3) For a planted tank do you guys use the carbon layer? for me i never use any activated carbon/chemic in my filters, just mech sponges + biomedia. Can i do the same in 2026? put a couple layers of eheim sponges of different coase/fine ratio and a bag of its bio media.

4) petblvd.com has the pro2 2026 for $120! which seem too good to be true. Has anyone had past experience with this online vendor? i tried searching for google but no reviews were found

thank you for your time!


----------



## Laith (Sep 4, 2004)

1) promo kits are different in different places. Most Eheim promo kits come with either a full set of media and/or the two installation kits. The standard 2026 does not come with media (except a coarse blue sponge and the white fine filter pad) and comes with the green intake and outtake tubes.

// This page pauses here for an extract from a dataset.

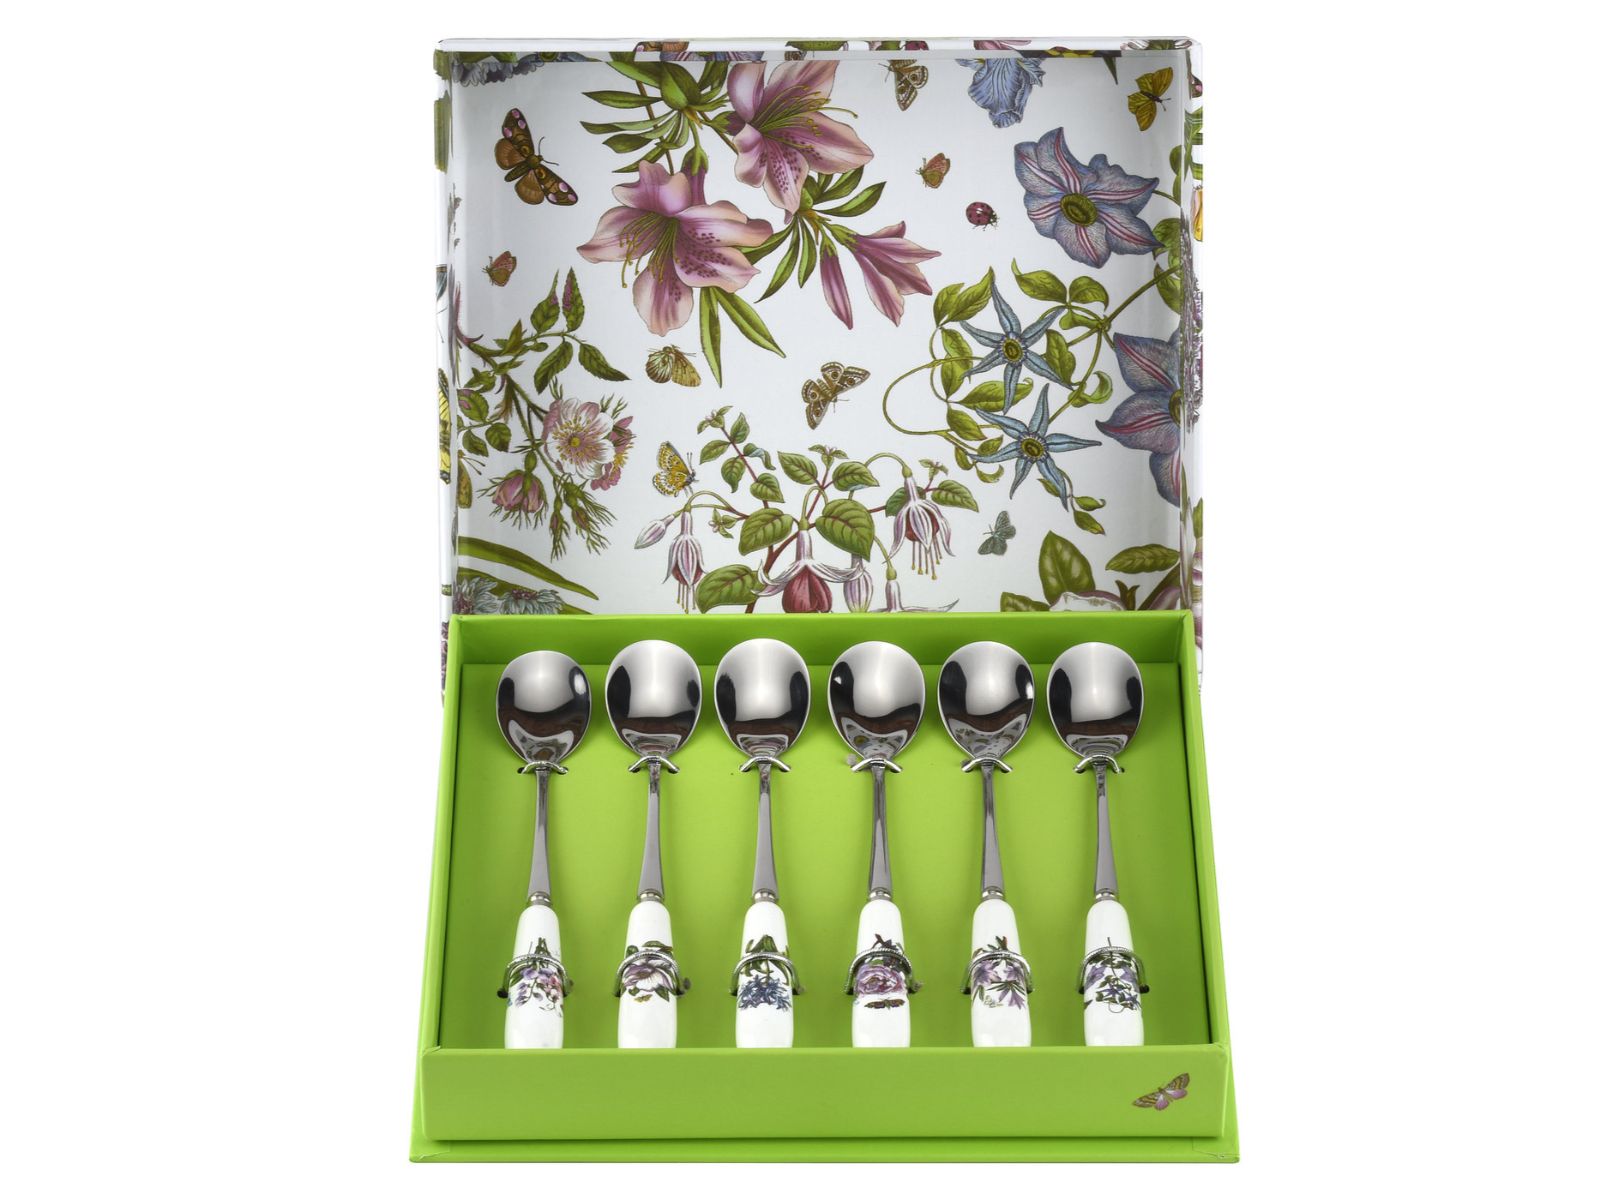 A set of six tea spoons with porcelain handles, each with a different pink or purple floral design on

2) See 1) above. Yes, definitely get these kits, even if they're not included in the "promo". They're much nicer and are modular as well.

3) No need for carbon in Eheims. I haven't used carbon in any tanks in I don't remember how long.

4) Don't know them.

Hope that helps!


----------



## newguy (Mar 18, 2006)

laith, that made everything much clearer! you have always been very helpful answering my stupid questions, thank you!!


----------



## Bombay (Mar 6, 2006)

http://www.petblvd.com/cgi-bin/pb/EHP81037.html

I see the the 'promo kit', but it doesn't describe what comes with it. Where do you see that?


----------



## newguy (Mar 18, 2006)

Did some digging, it appears petblvd.com is the same store as foxmillpets.com Red flags immediately come up. Decided to pay bit more and get everything from big als for peace of mind instead

I called up big als and the tech there told me the 2026 /w media they sell does come with both the installation kit 1 + 2 (intake + spraybar) as well as all the medias. It's by far the best deal (other than petblvd.com). Ordered my new setup from there:

Hydor ETH 200 In-Line Heater-200 W 
Eheim 2026 Professionel II Canister Filter With Media Value 
Eheim Automatic Feeder 

hopefully they will last a couple years...


----------



## Bombay (Mar 6, 2006)

Still not sure how you figure it comes with the black installation kits. The picture shows the standard green plumbing parts with no mention whatsoever of the black kits.

Maybe you called and asked them, but still the question begs, why would you think they came with it?


----------



## newguy (Mar 18, 2006)

the official 2026 PROMO KIT comes with all media and both installation sets. Why dont you just call petblvd and ask them. i called big als and they confirmed it comes with it.


----------



## psidriven (Feb 21, 2004)

Sorry to bring up an old thread. Wanted to know what were 2026 users impression of the noise level? Motor noise, water burbles, etc. Things that you cannot adjust out like spraybar position.

Thanks,
Tony


----------



## Cavan Allen (Jul 22, 2004)

There is no noise.


----------



## Laith (Sep 4, 2004)

psidriven said:


> Sorry to bring up an old thread. Wanted to know what were 2026 users impression of the noise level? Motor noise, water burbles, etc. Things that you cannot adjust out like spraybar position.
> 
> Thanks,
> Tony


Noise? NOISE?? From an Eheim??


----------



## Moo (Apr 27, 2006)

Hey uh whats that website address to big als? I can't seem to find it.


----------



## Raul-7 (Feb 4, 2004)

Moo said:


> Hey uh whats that website address to big als? I can't seem to find it.


www.bigalsonline.com


----------



## Moo (Apr 27, 2006)

Thanks.
Wow, that makes me feel kinda dumb. Who would have guessed such a simple addy, huh?

thanks much again!
-matt


----------